Applied Machine Learning – things you need to know

Một số lưu ý khi áp dụng Machine Learning để giải quyết các vấn đề cụ thể:

Always use train_test_split or similar

GridSearchCV (built-in cross validation)

HDF need to be shrunk after write/update –>

ptrepack –chunkshape=auto –propindexes –complevel=9 –complib=blosc data_in.h5 data_out.h5

Use Keras optimizer instead of tensorflow itself (so that it can be saved later as part of the model)

model.compile(optimizer=tf.keras.optimizers.Adam(lr=0.001), instead of:
model.compile(optimizer=tf.train.AdamOptimizer()

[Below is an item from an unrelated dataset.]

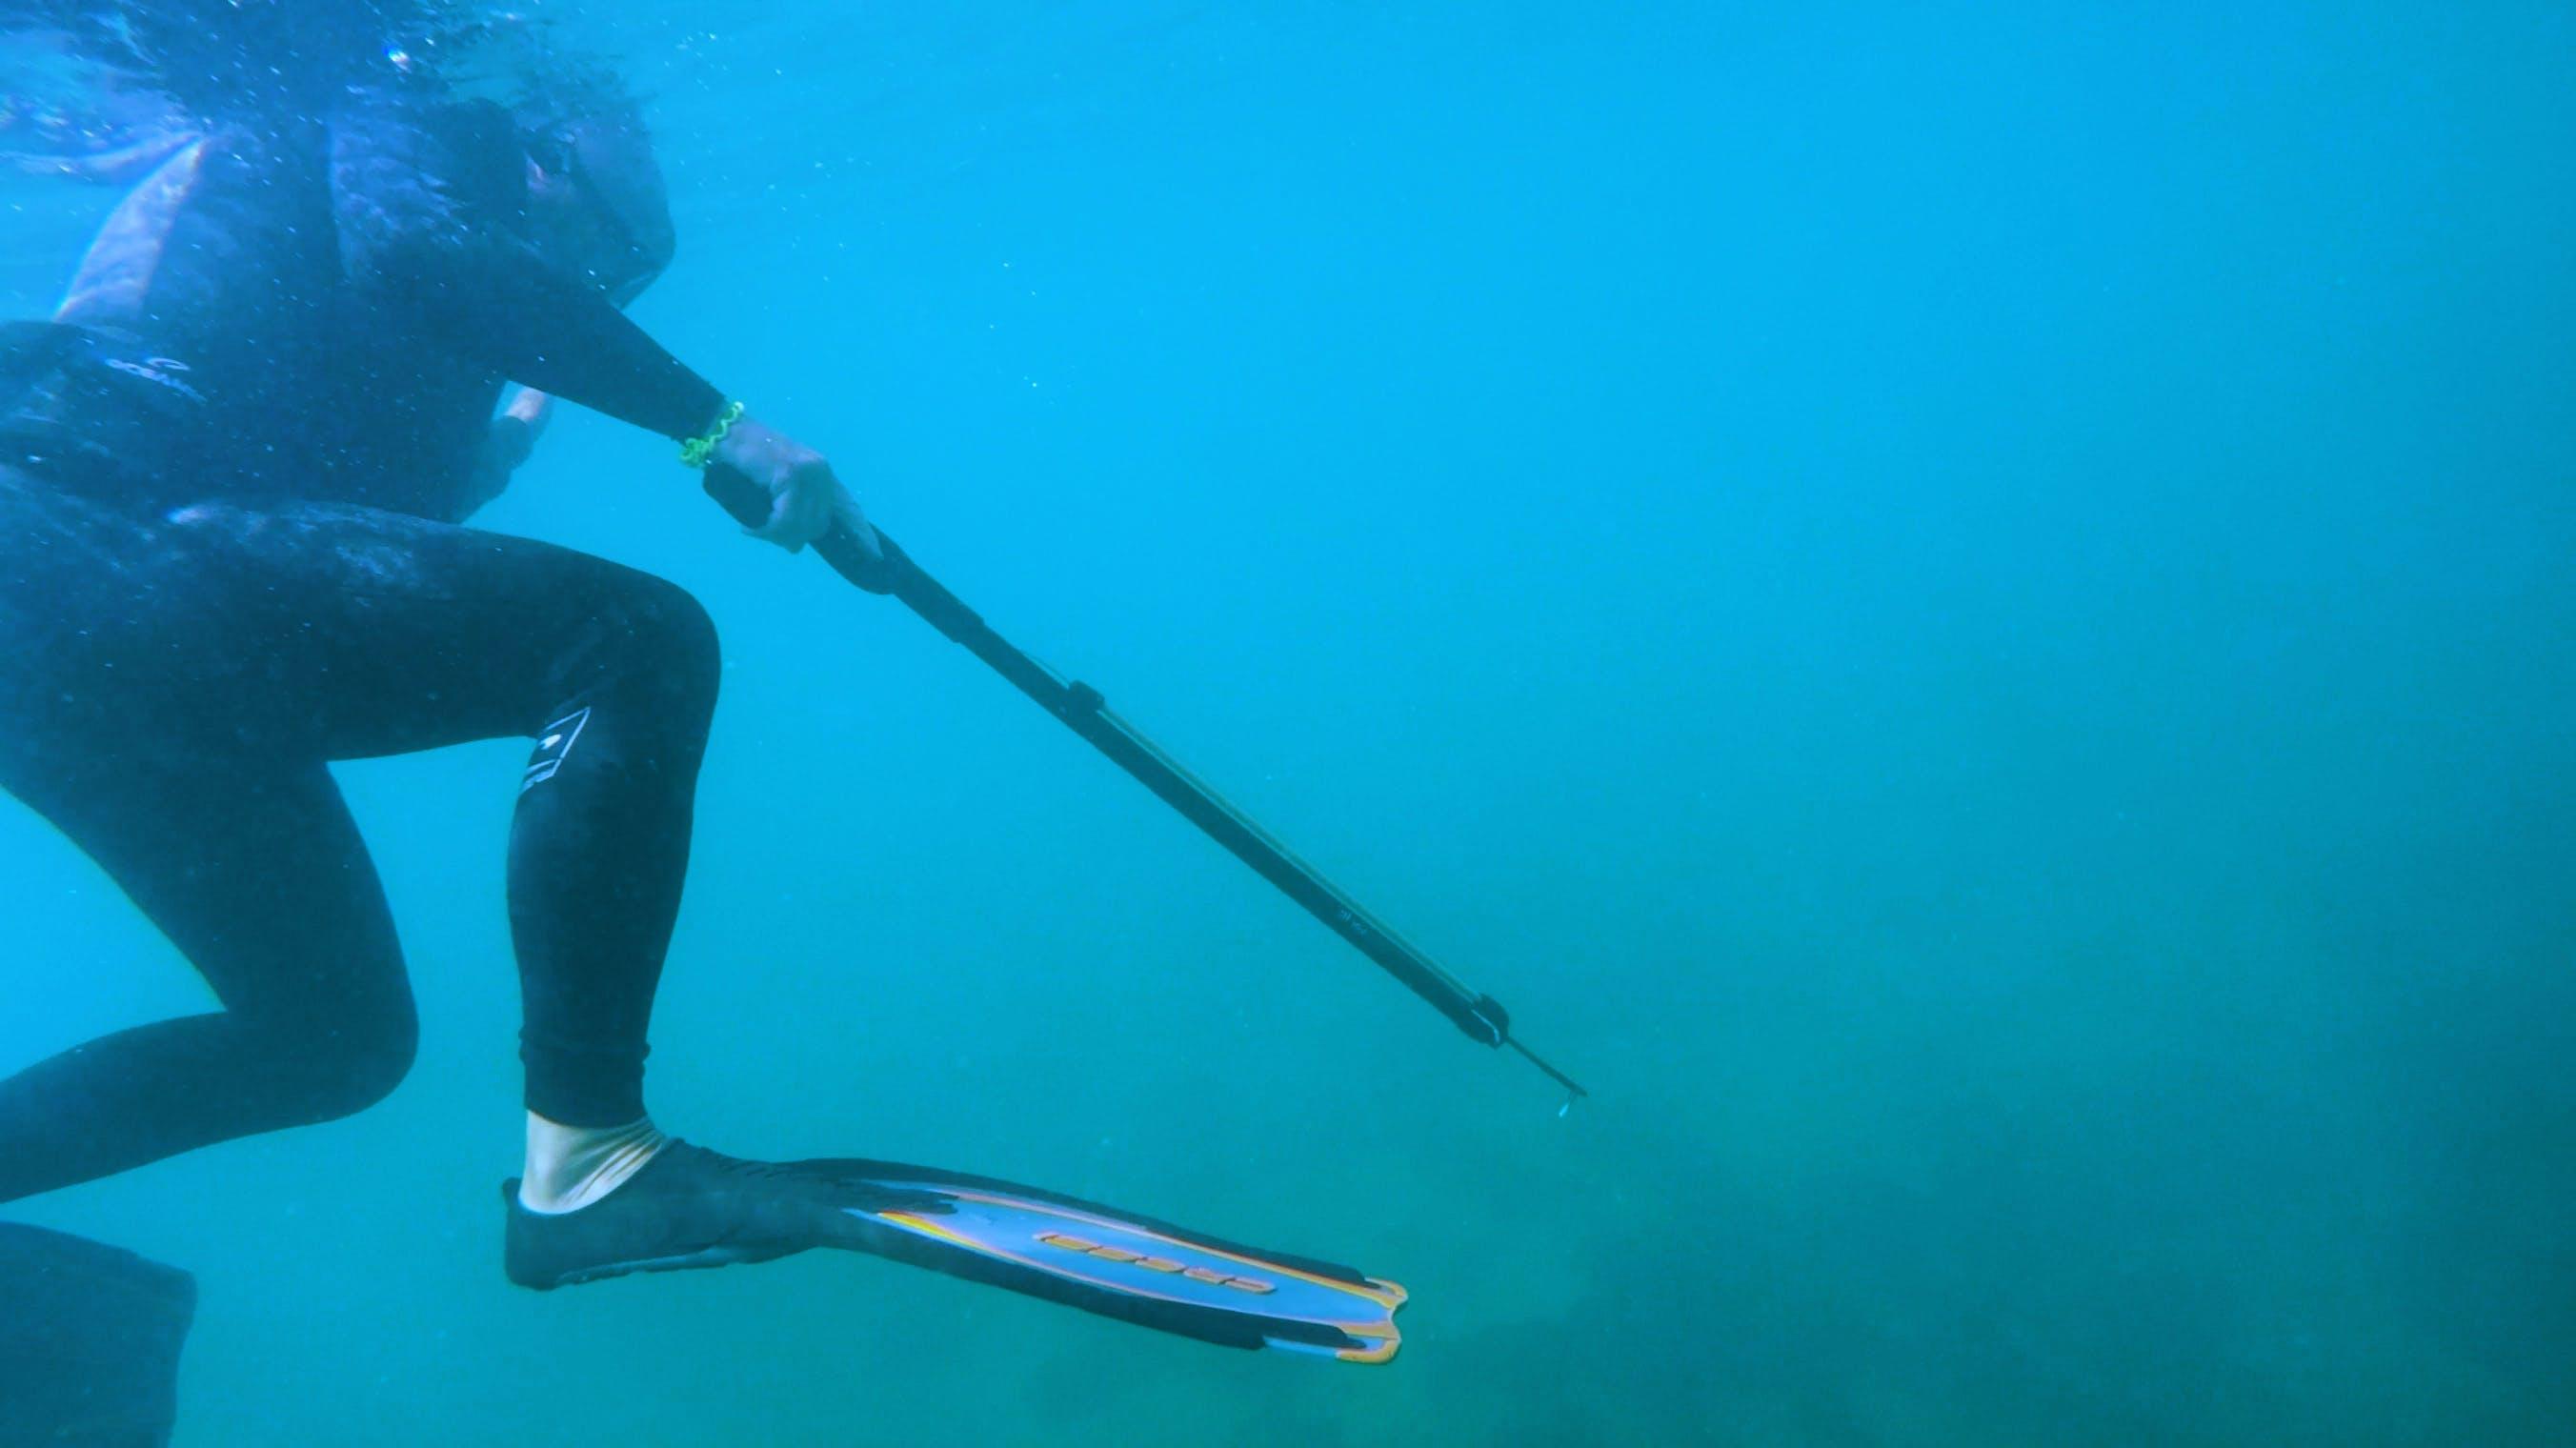 Diver Holding Speargun

For binary classification: keras.layers.Dense(1, activation=tf.nn.sigmoid)

Except accuracy metric, other metrics like f1, recall, roc_auc when used then labels should be binarized:

from sklearn.preprocessing import LabelBinarizer
lb = LabelBinarizer()
train_labels = lb.fit_transform(train_labels)
test_labels = lb.fit_transform(test_labels)

Let GridSearchCV decided the train-validation data
in Keras: validation_split=0, validation_data=None

GridSearchCV evaluation:

#Training
clf = KerasClassifier(build_fn=get_model)
param_grid = dict(batch_size=batch_size, epochs=epochs)
validator = GridSearchCV(estimator=clf, param_grid=param_grid, scoring=scoring, refit=refit_scorer, cv=cv)
grid_result = validator.fit(train_images, train_labels, validation_split=0, validation_data=None)

#Evaluation
best_estimator = grid_result.best_estimator_
final_model = “final_model_” + datetime.datetime.now().strftime(“%Y-%m-%d-%H-%M”) + refit_scorer + “.h5”
best_estimator.model.save(final_model)
print(“Accuracy Score (test_data): “, best_estimator.score(test_images, test_labels))

cv_result = “cv_result_” + datetime.datetime.now().strftime(“%Y-%m-%d-%H-%M”) + “.dict”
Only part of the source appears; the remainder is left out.